There’s also the additional risk fee for the added vulnerability required: safety is not a guarantee at tapas with a stranger. In the event you make it out unscathed, you might be met with a compliment on how “interesting” and “not like anyone I’ve ever met” you are. At which point, it will occur to you that he never asked a single question about you. The net gain is categorically negative.
Maybe it’s the overexposure of the internet. Maybe it was Covid or #MeToo or an epidemic of undatable men. Whatever it is, it’s calling for an overhaul. The Trouble With Wanting Men by Jean Garnett sums it up quite gracefully: “It isn’t that my friend needs to find “some other way to live”; it’s that we all do.”

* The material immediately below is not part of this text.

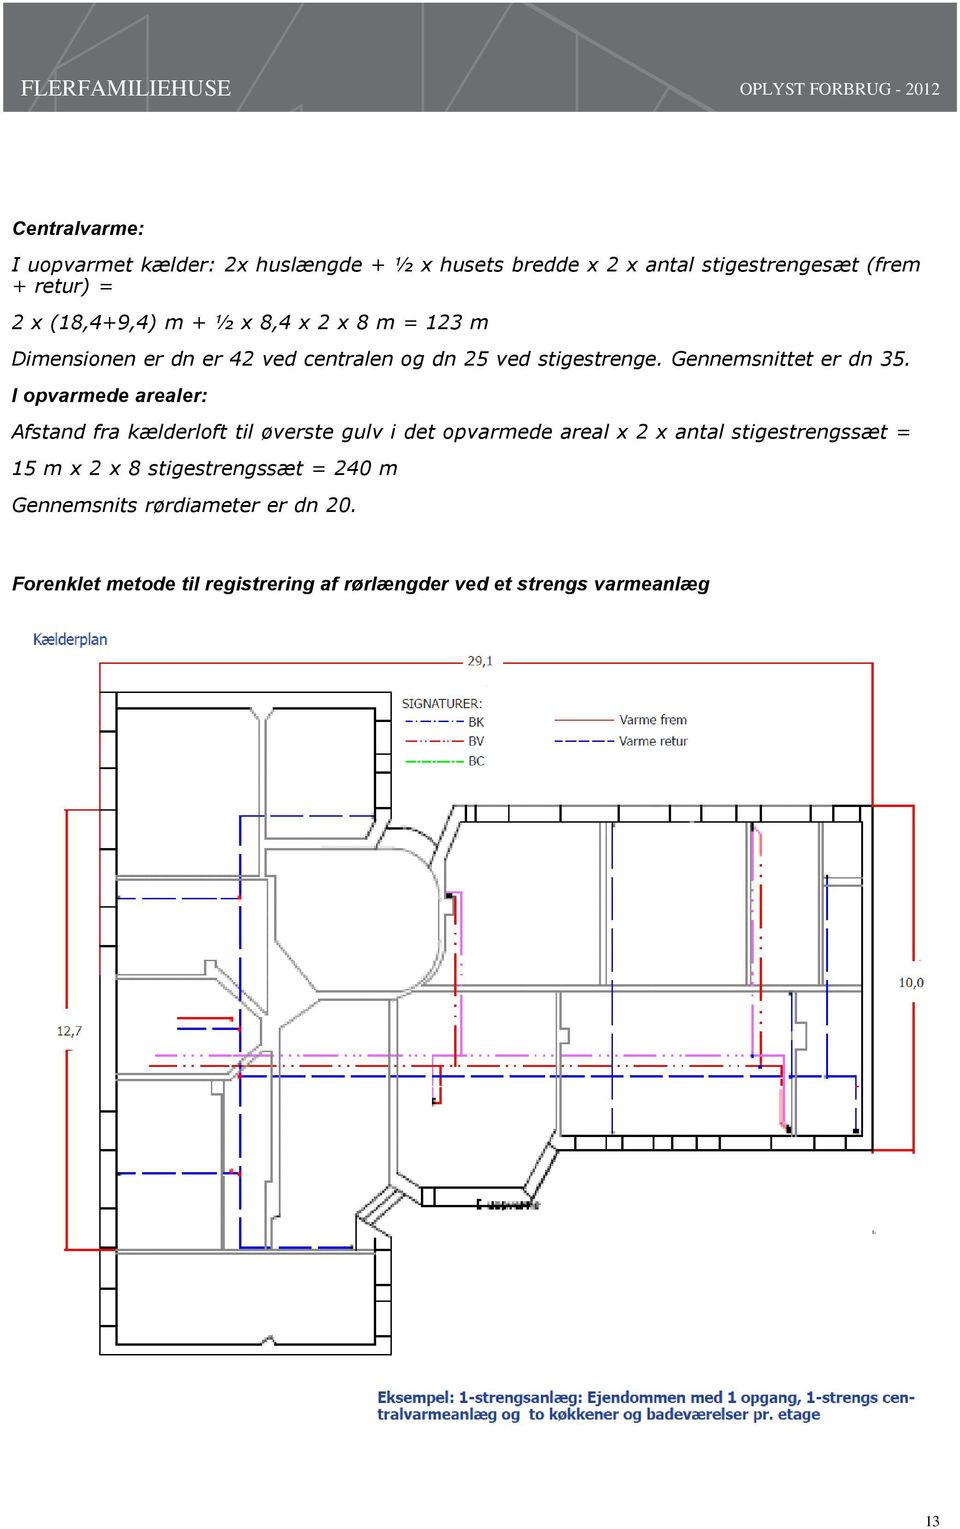 I opvarmede arealer: Afstand fra kælderloft til øverste gulv i det opvarmede areal x 2 x antal stigestrengssæt = 15 m x 2 x 8

And the fact of the matter is, women are finding some other way to live. There is more to life than being negged on Hinge, and in this political climate, you best believe that 4B, celibacy and boysobriety are being discussed over brunch. In a post Roe-world, women feel disinclined to lay down next to someone who clearly has no interest in standing up for them.
And if this really is a recession, then let it bottom out. Let the market correct itself. Maybe love needs to go bankrupt before it can be reborn with better terms. Until then, we’ll invest in what pays dividends.